## Your goal
Pictures aside, repeat every entry exactly.

(Data items)
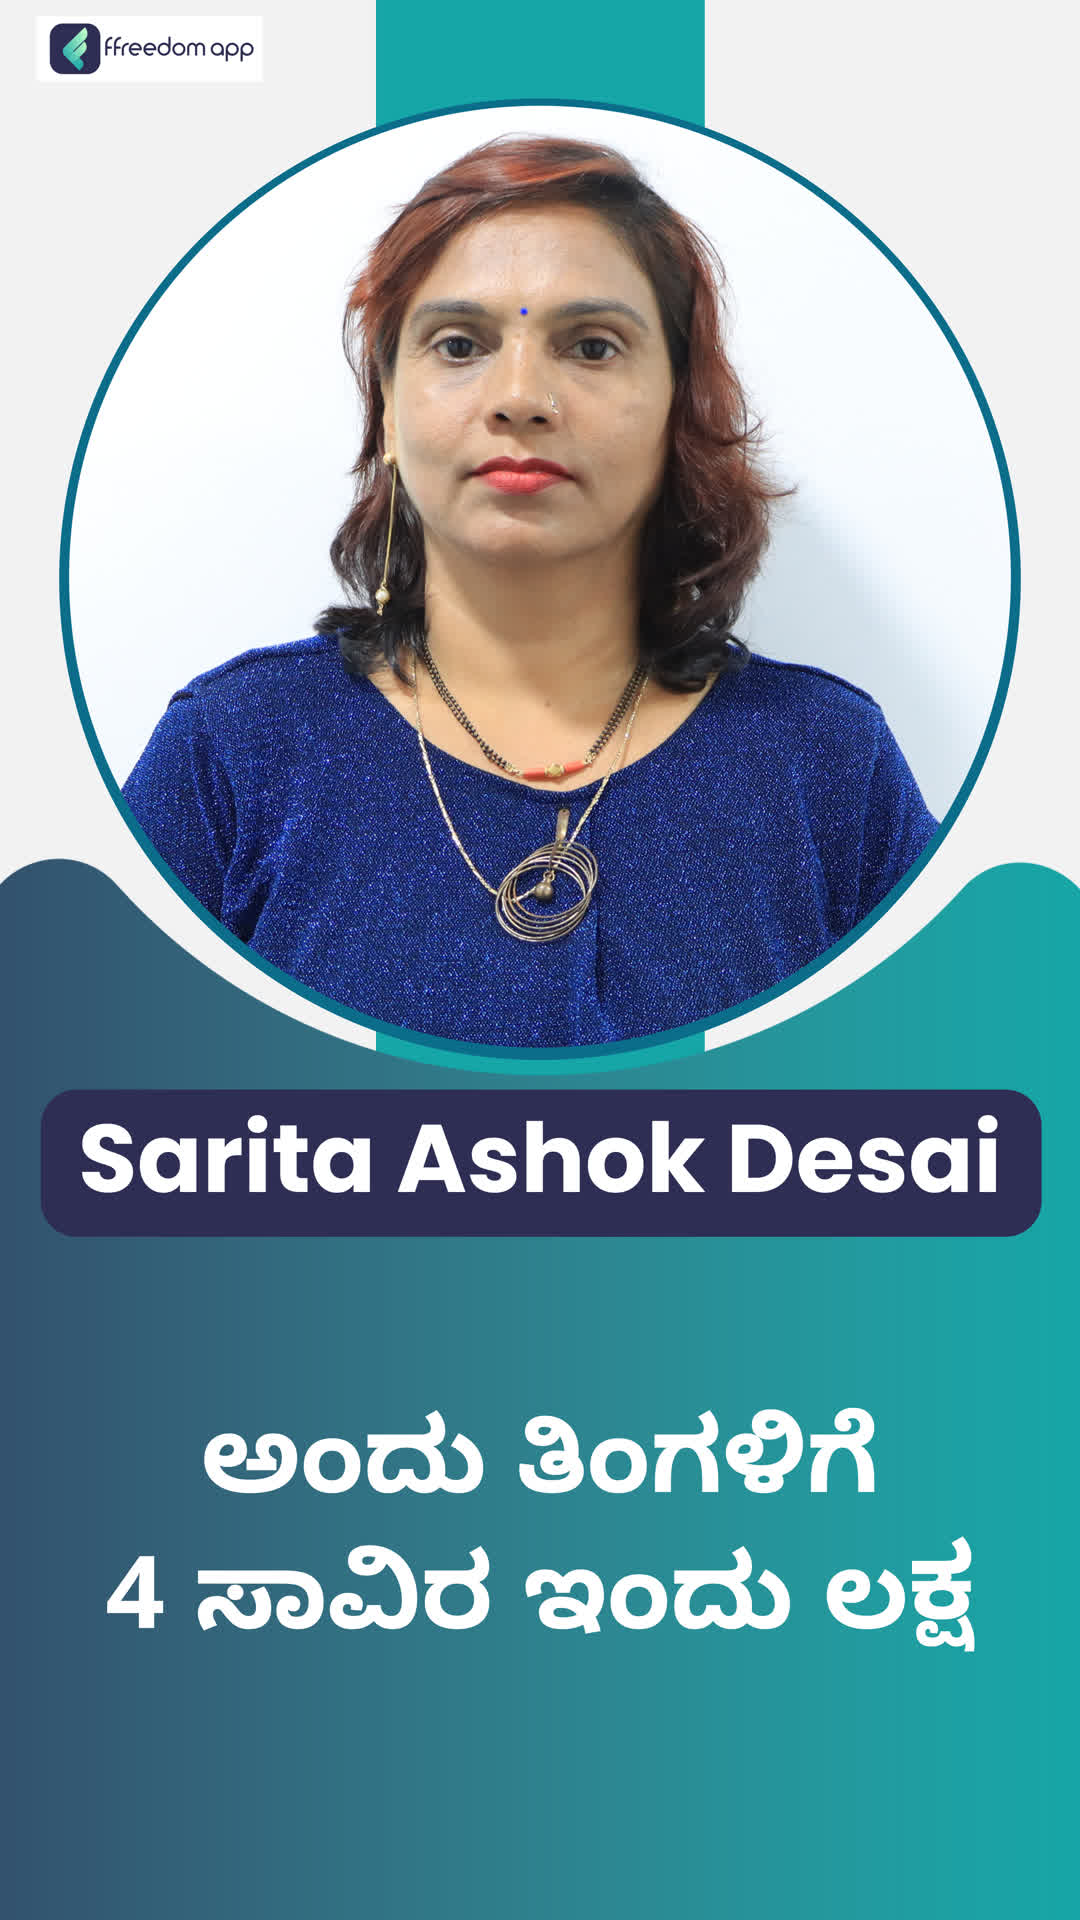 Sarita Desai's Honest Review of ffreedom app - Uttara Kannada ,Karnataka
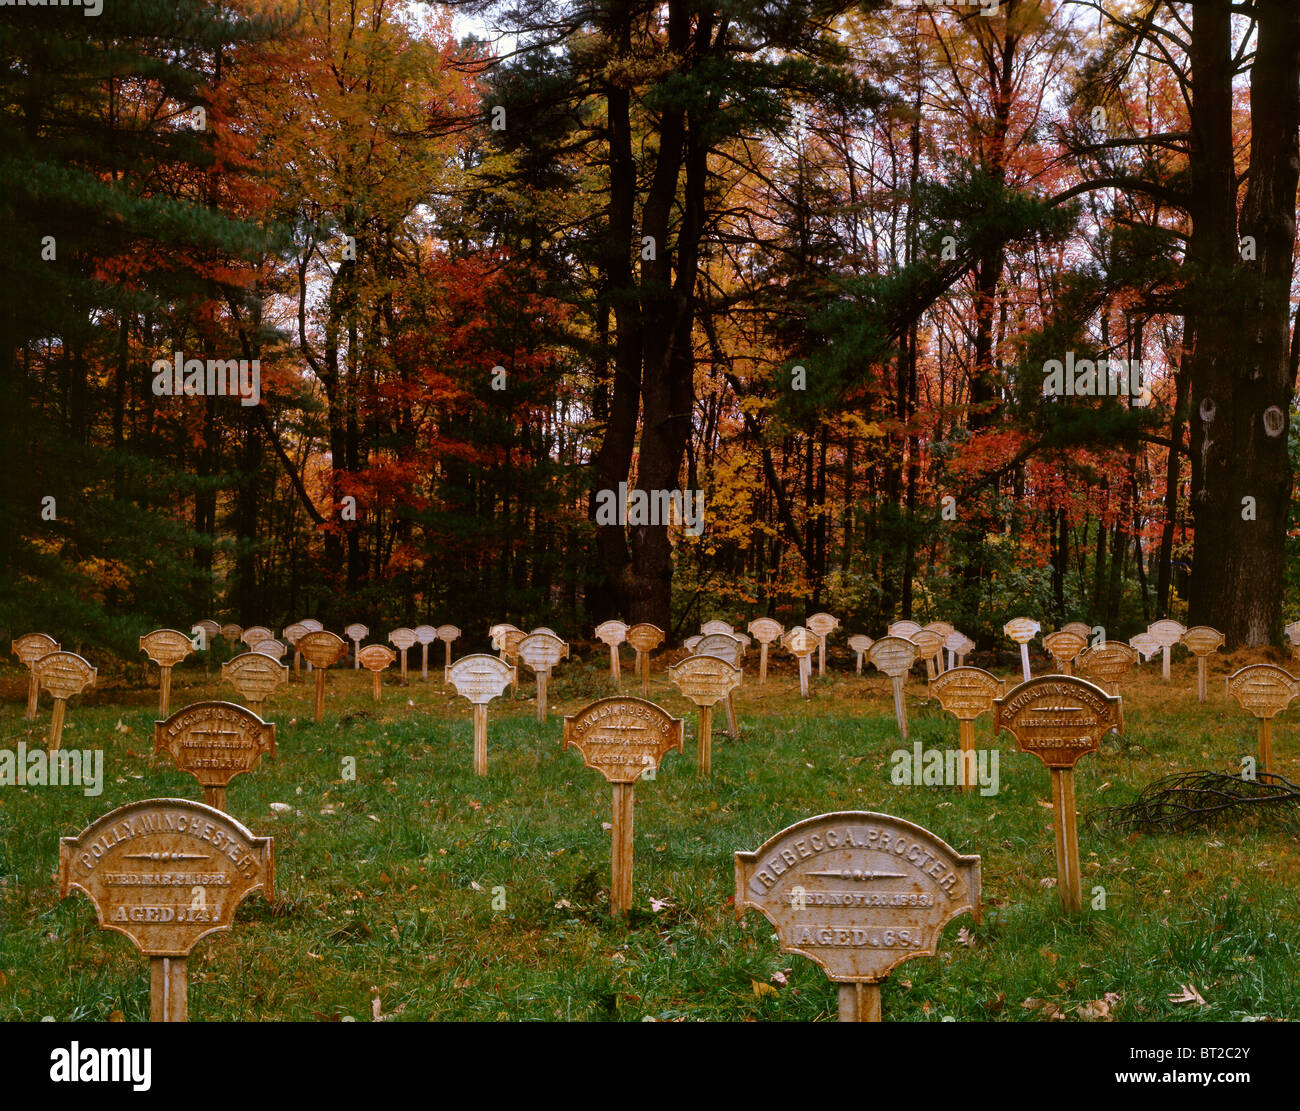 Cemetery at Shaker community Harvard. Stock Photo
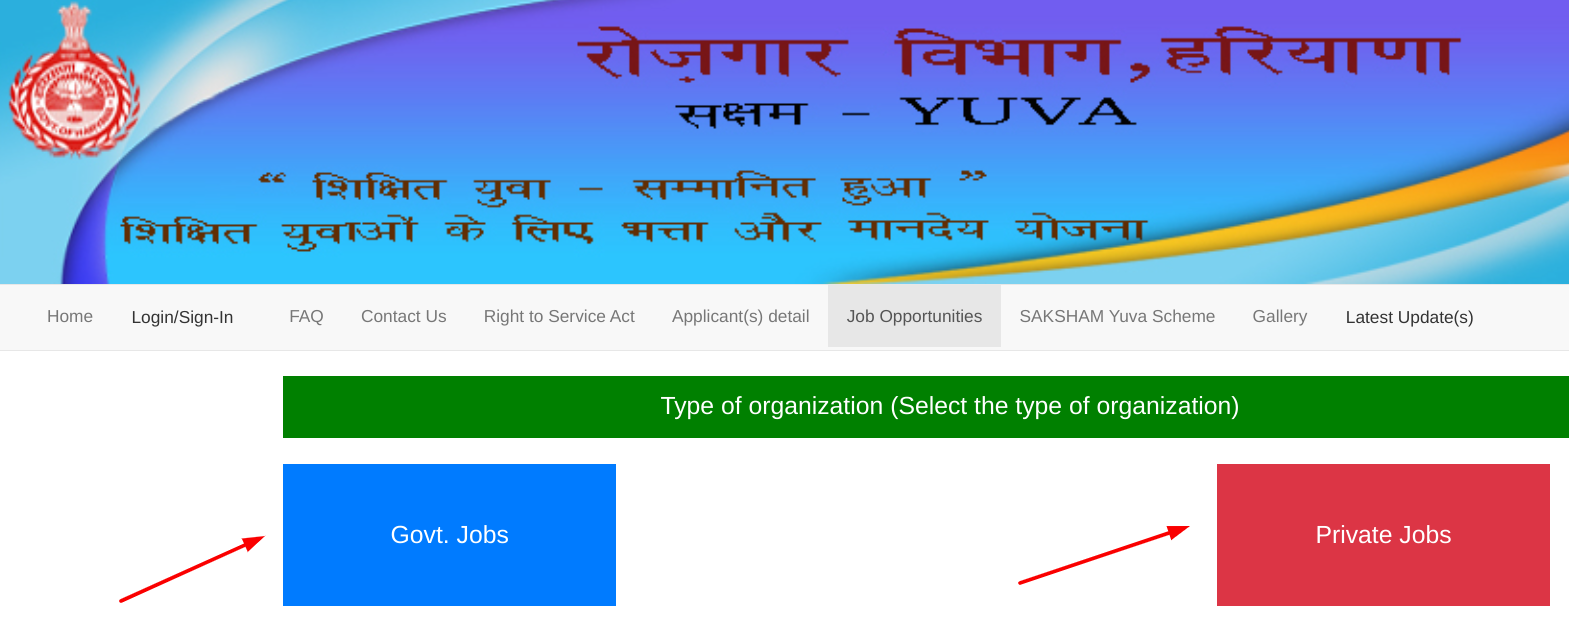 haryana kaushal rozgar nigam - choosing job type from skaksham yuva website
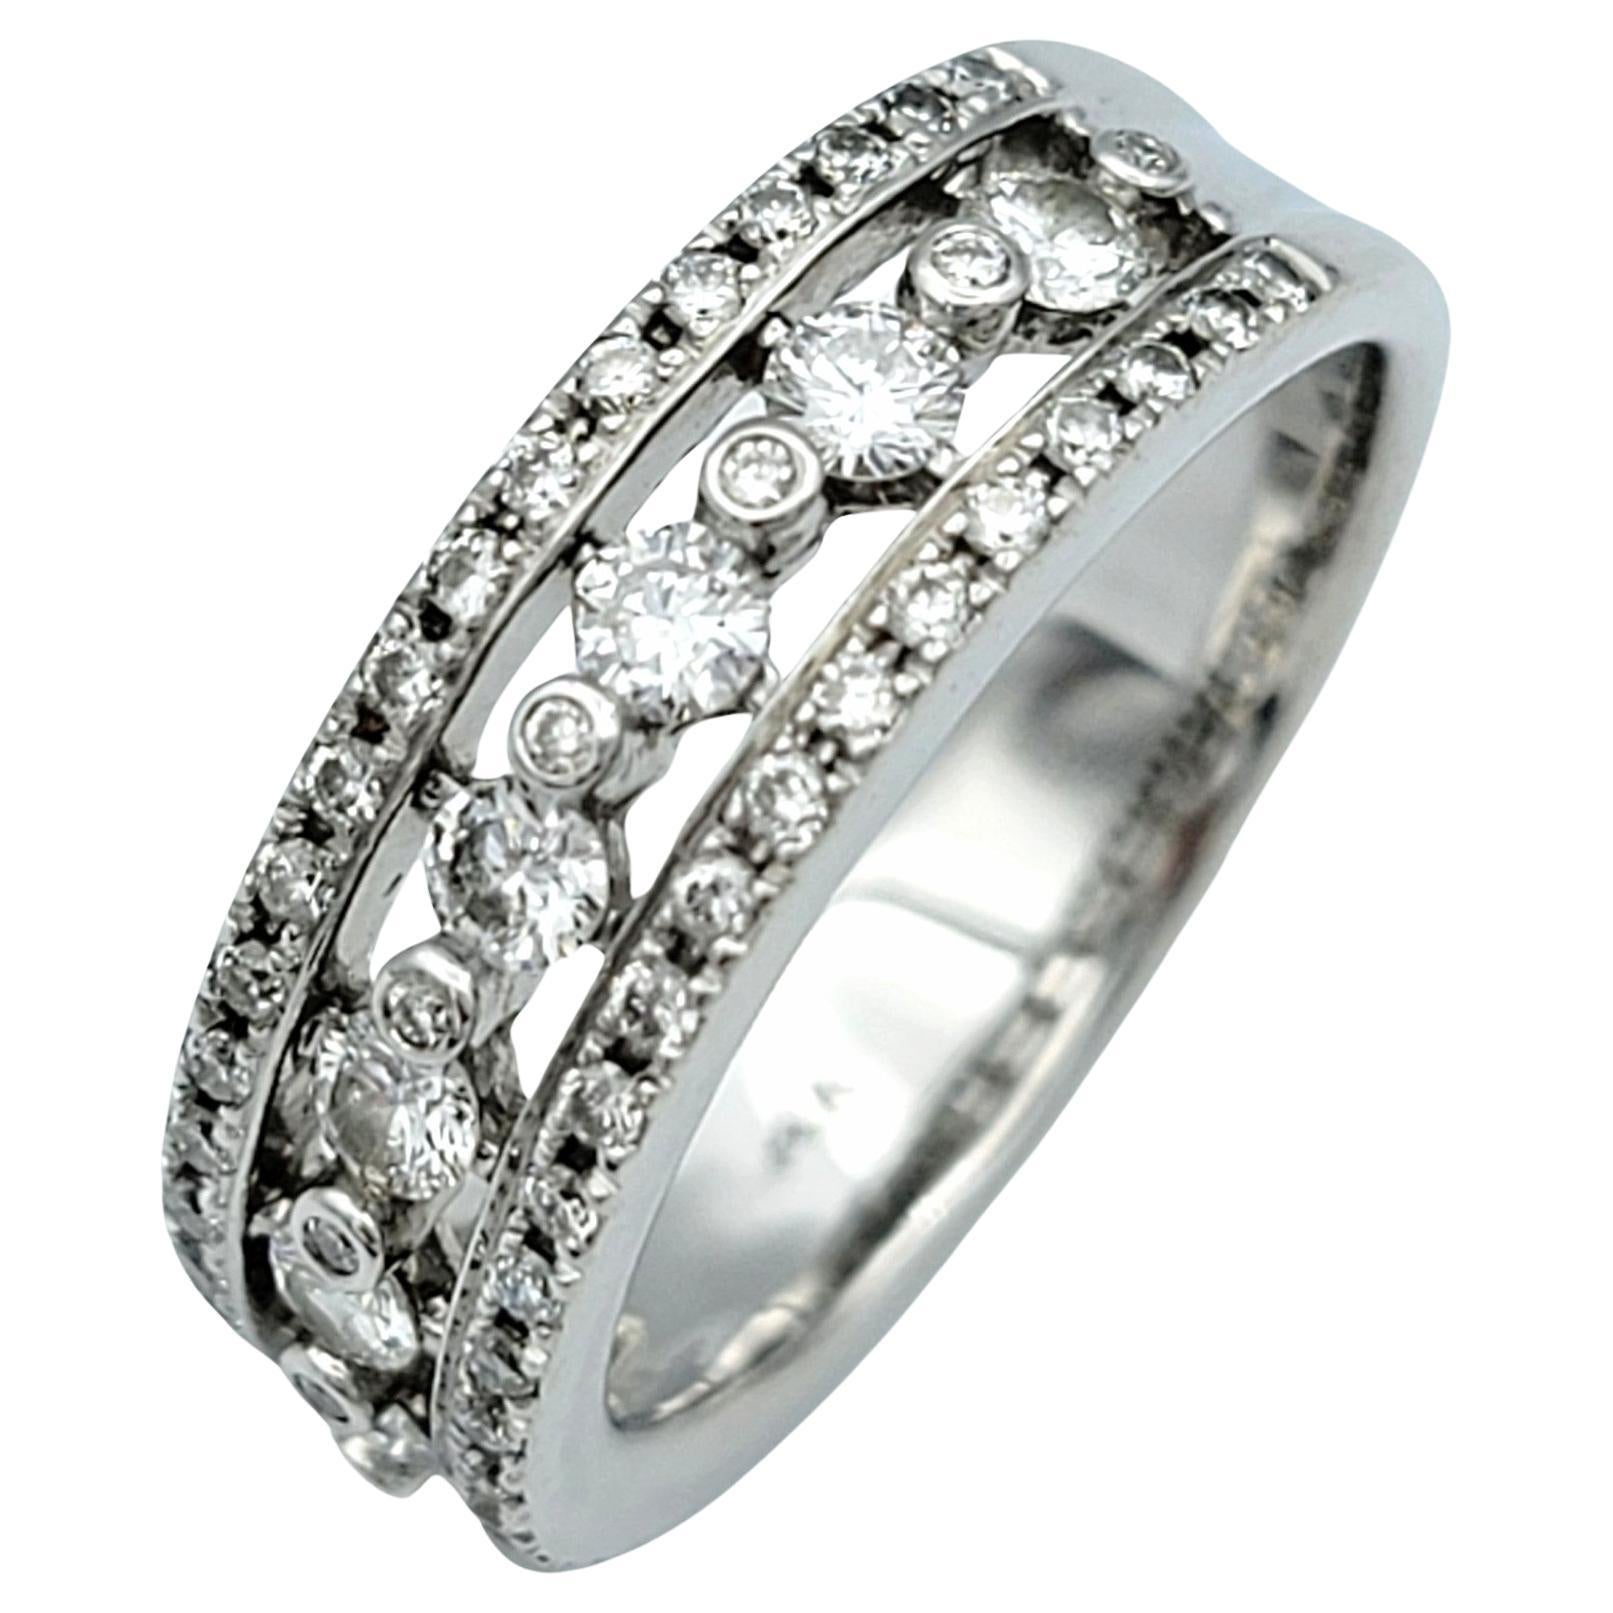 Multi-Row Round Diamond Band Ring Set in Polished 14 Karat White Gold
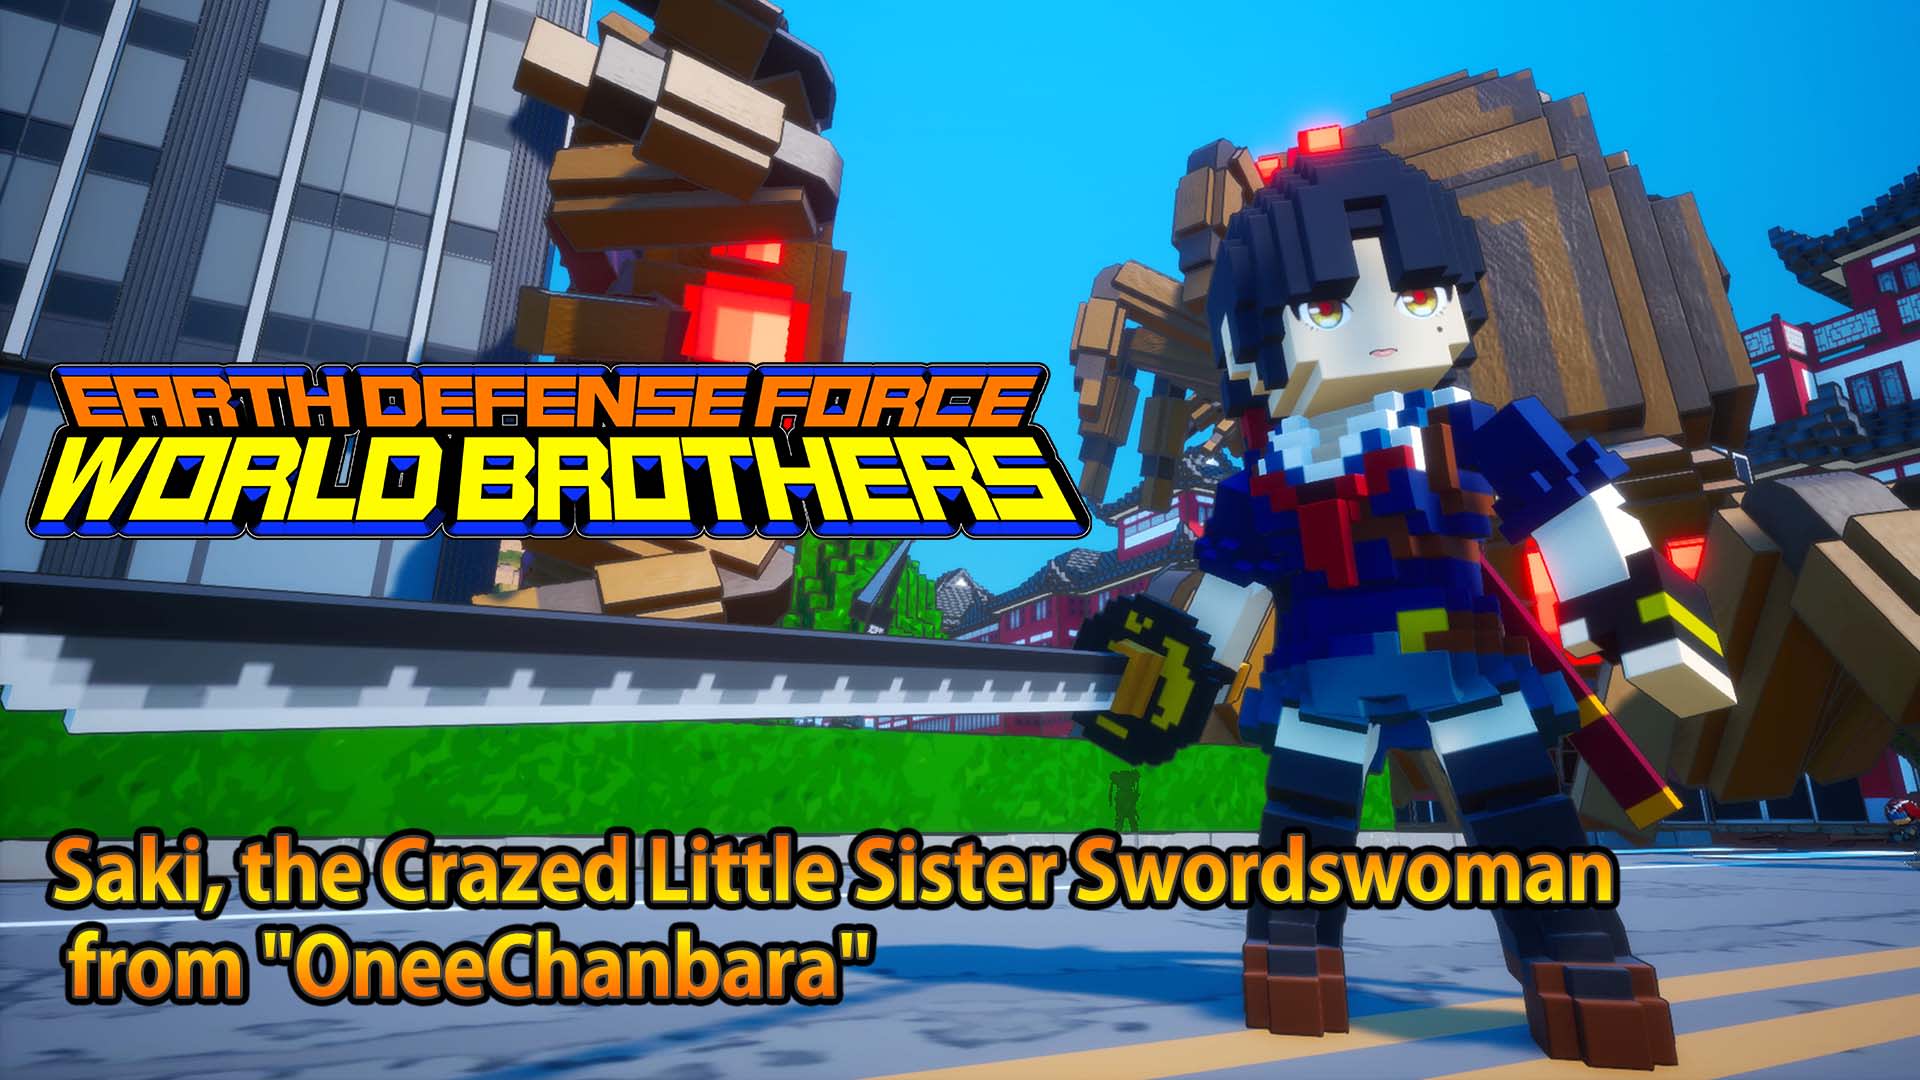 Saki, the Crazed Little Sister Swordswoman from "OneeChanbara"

## Exercise response
 Sarita Desai's Honest Review of ffreedom app - Uttara Kannada ,Karnataka
 Cemetery at Shaker community Harvard. Stock Photo
 haryana kaushal rozgar nigam - choosing job type from skaksham yuva website
 Multi-Row Round Diamond Band Ring Set in Polished 14 Karat White Gold
 Saki, the Crazed Little Sister Swordswoman from "OneeChanbara"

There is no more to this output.